Except you won't die when the OS is borked.;)
 
Unless you own your own company with wads of capital to spare, good luck getting your bosses to front the cash to rewrite a working system.

Even if money weren't an issue, even if the engineers had nothing better to do, even if it were easy to estimate the scope of such an effort, it would still be a terrible idea, as hidden in the existing software to be rewritten are plenty of assumptions and workarounds that haven't been documented. Perhaps they (inadvertently or not) avoid bugs. Perhaps they were expected behavior from users. Perhaps they weren't originally intended, but have since effectively become public APIs. In all those cases, a rewrite would break some of them.

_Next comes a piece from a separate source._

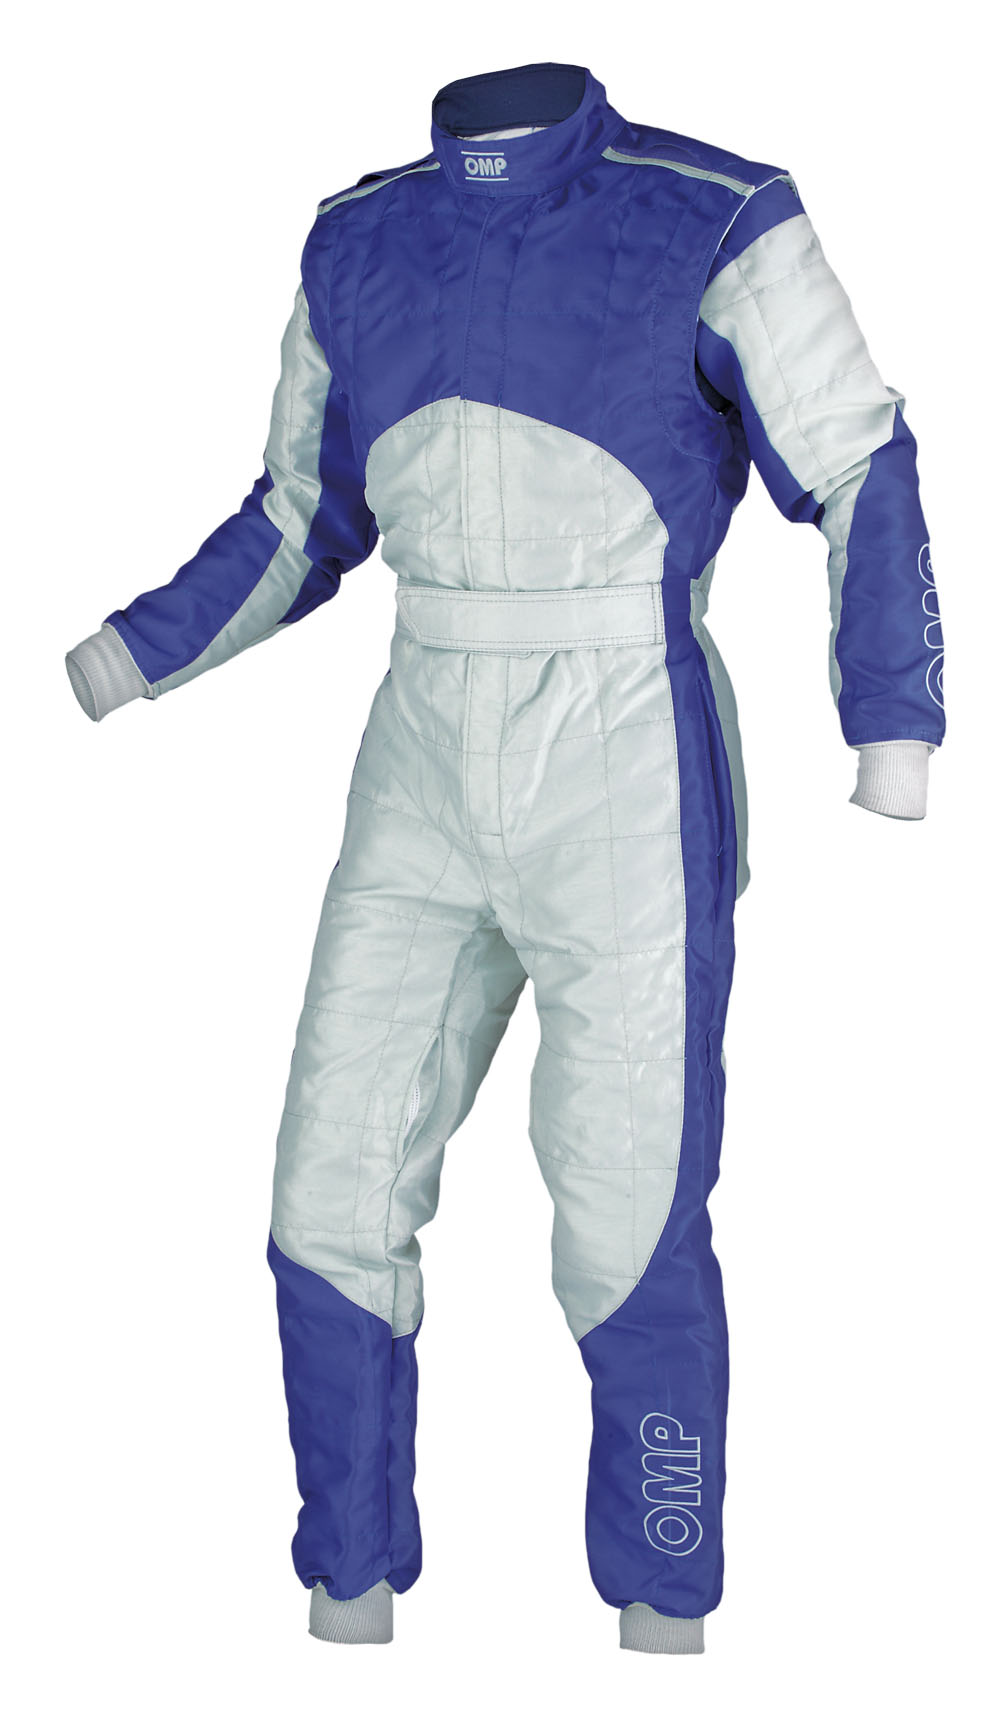 Sale Kk01710 Omp Thunder Kart Suit Fia Size 36 Grey Blue

I don't remember how many times I've looked at a system, wishing I could rewrite the whole damn thing, either to replatform with modern toolsets, undo a tangle of poorly designed, cobbled-together code base, or had better design concepts that would make the system more stable and supportable.

In general, the most you can hope for is to chip away at a problematic system by piecemeal. Perhaps, eventually, you will have rewritten a system one component at a time. Even then, working on someone else's dime... good luck with that.

Nothing wrong with rewriting portions of the code, especially when there's strong refactoring help from tooling (especially feasible with static typing) and automated tests that at least try to document existing expected behavior.

But yes, definitely piecemeal.

And you will introduce bugs. And accidentally "fix" some.